- 10
Fernand Léger
Description
- Fernand Léger
- Étude pour “Le Movement à billes”
- Signed with initials F.L. and dated 26 (lower right)
- Gouache and ink on paper
- 12 3/8 by 15 7/8 in.
- 31.5 by 40.2 cm
Provenance
Private Collection (by descent from the above and sold: Sotheby’s, London, July 1, 1987, lot 507)
Galerie Krugier et Cie., Geneva (acquired at the above sale)
Acquired from the above
Exhibited
Munich, Kunsthalle, Fernand Léger, 1988-89, no. 83
Catalogue Note
Following World War I, Léger became close with Amedée Ozenfant and Le Corbusier, both key proponents of Purism. Characterized by simple and pure geometric forms, Purism exemplified the post-war return to a more traditional style under the “call to order” that rejected the style of Cubists, Futurists, and other pre-war movements. Ozenfant and Le Corbusier suggested that a new art was needed in response to what they saw as growing artistic excess and the chaos of the war, advocating a rigorous, precise, pure art attuned to the science and industry that permeated modern life. Works like Accordéon, carafe et cafetière by Le Corbusier exemplify this aesthetic in their orderly combining of pure, geometric forms. Although ambivalent at times, Léger’s embrace of Purism was visually strong, causing the art historian Robert Buck to state that: “It is in his still lifes and mural compositions of 1924-26 that Léger comes closest to Purism” (quoted in Fernand Léger (exhibition catalogue), Albright-Knox Art Gallery, Buffalo; Musée des Beaux-Arts de Montreal, Montreal & Dallas Museum of Fine Arts, Dallas, 1982, p. 23). These years characterized Léger’s mature Purist style, in which boldly colored shapes and machine iconography dominated his oeuvre.
Étude pour “Le Movement à billes” is a classic example of Léger’s ability to express the mechanical world through the visual language of Purism.

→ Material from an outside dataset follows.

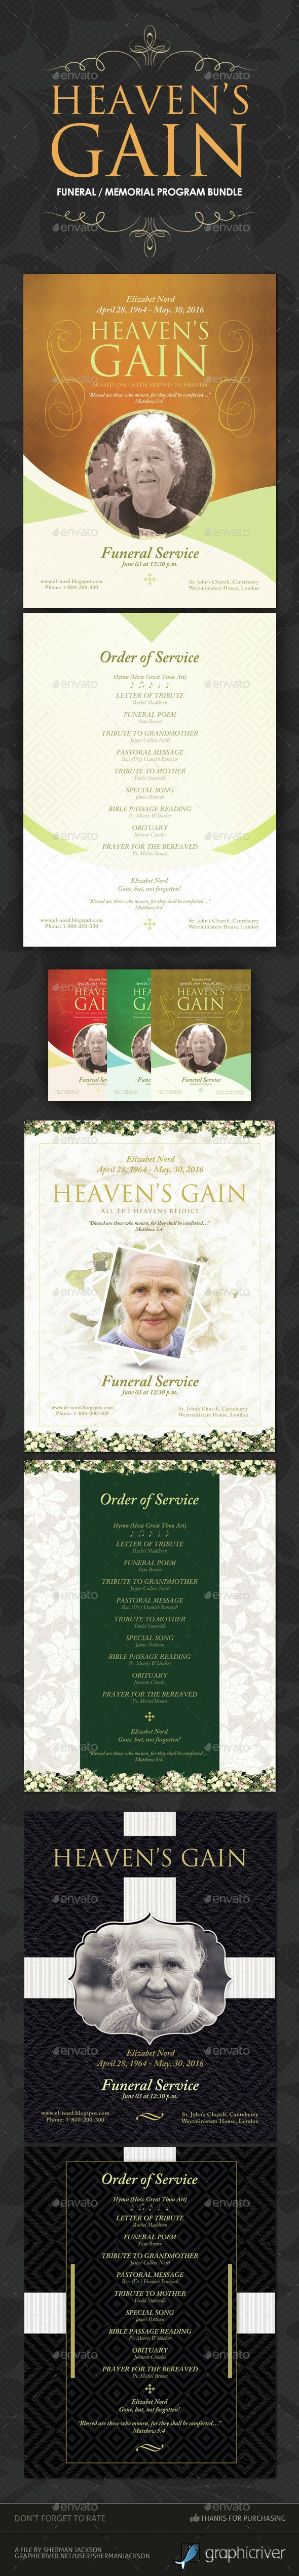 Funeral / Memorial Program Templates - BUNDLE | Funeral y Photoshop

A gouache study for a painting in the permanent collection of the Kunstmuseum Basel, Étude pour “Le Movement à billes” is titled after the factory-made ball bearing depicted among other machine parts in the image. A simple but crucial device in many modern machines, ball bearings are symbolic of Léger’s humble belief in the power of the machine. Opining on this subject, Léger stated: “These new means have given us a new mentality. We want to see clearly, we want to understand mechanisms, functions, motors, down to their subtlest details. Composite wholes are no longer enough for us - we want to feel and grasp the details of those wholes - and we realize that these details, these fragments, if seen in isolation, have a complete and particular life of their own” (quoted in Fernand Léger: The Later Years (exhibition catalogue), Whitechapel Art Gallery, London & Staatsgalerie Stuttgart, Stuttgart, 1987, p. 31).